La qualité d'une dinde dépend en grande partie de sa race. La plus fine est la dinde noire. On la reconnaît à la couleur de ses pattes et des quelques plumes noires qui lui restent au moment de la vente, ainsi qu'à sa collerette plus ou moins rouge. Son poids varie de trois à cinq kilos.  Pour les plus charnues, on retrouve la dinde à pattes blanches qui peut atteindre 15 kg. C'est elle que l'on trouve en découpe : rôtis de dindonneau, cuisses de dinde, etc. Les mentions "fermier-élevé en plein air" ou "fermier-élevé en liberté" ne peuvent être utilisées que sur les volailles bénéficiant d'un label rouge, d'une appellation d'origine ou du signe "agriculture biologique". Il existe également la dinde de Bresse, reconnue comme le grand cru de la volaille.
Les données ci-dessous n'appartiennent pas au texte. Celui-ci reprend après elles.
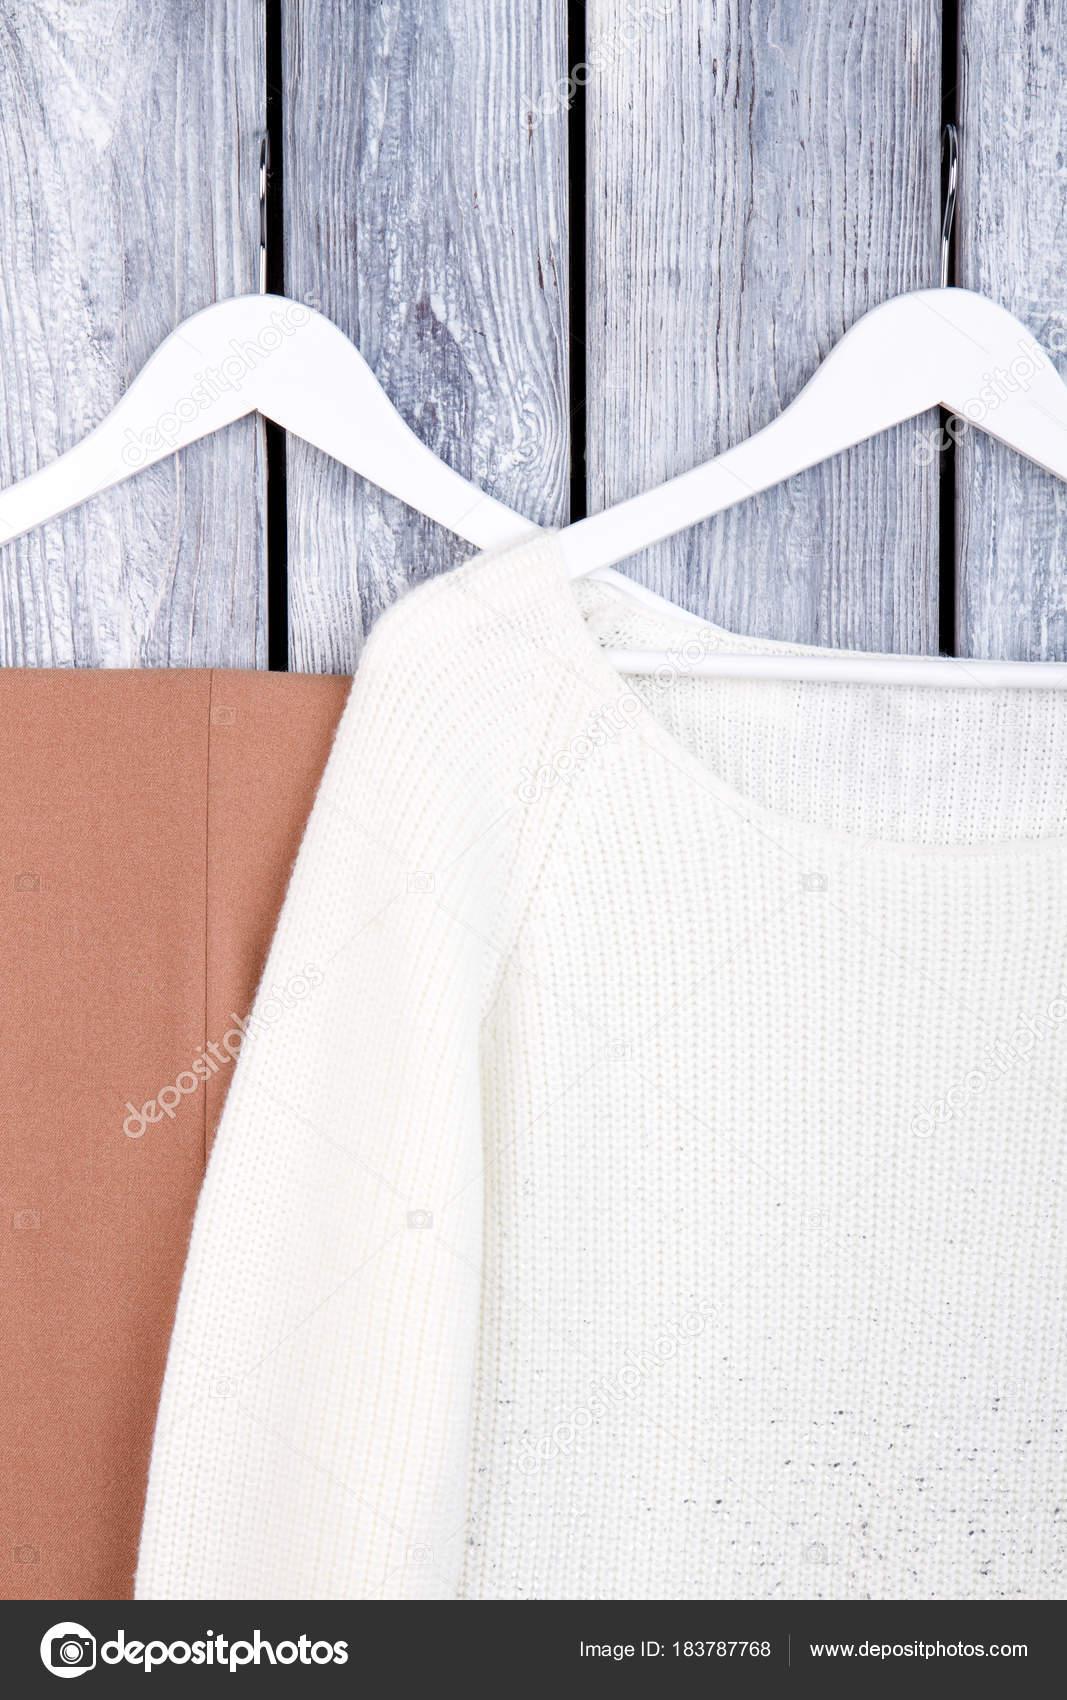 Frauenkleidung hängen weiße Kleiderbügel — Stockfoto © Denisfilm ...
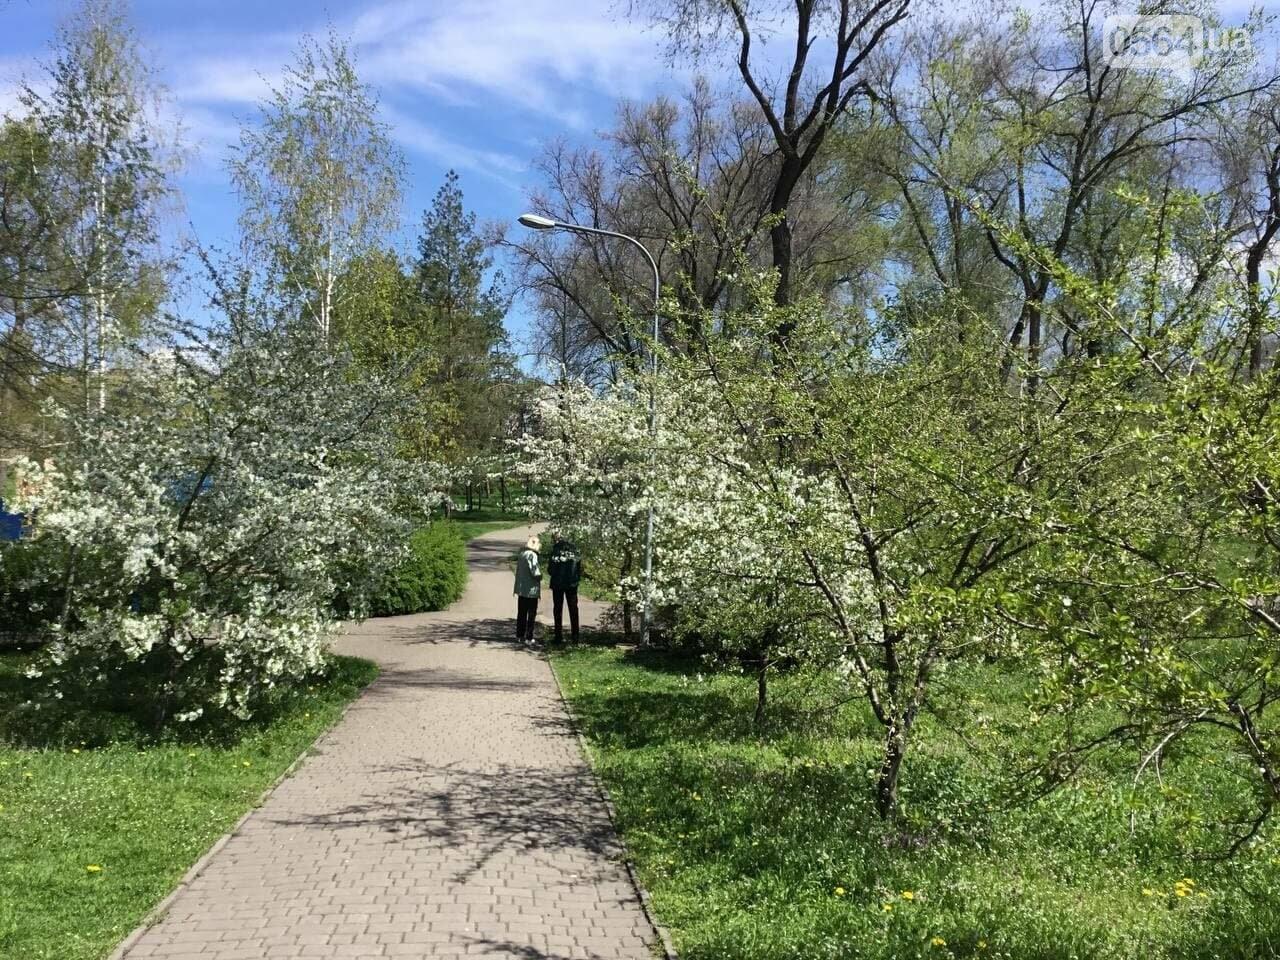 Прогулки, фотосессии, отдых на природе, - как криворожане провели первые дни мая, - ФОТО, ВИДЕО, фото-16

Ceux qui préfèrent les autres volailles peuvent opter pour un chapon ou une poularde. Cette dernière se distingue du chapon parce qu'elle est une femelle n'ayant jamais pondu, d'un âge minimum de 120 jours et d'un poids compris entre 1,650 kg et 1,950 kg en effilé. Le chapon, quant à lui, est un poulet mâle castré. Il ne peut être abattu avant 140 jours et doit avoir eu une période d'engraissement de 77 jours.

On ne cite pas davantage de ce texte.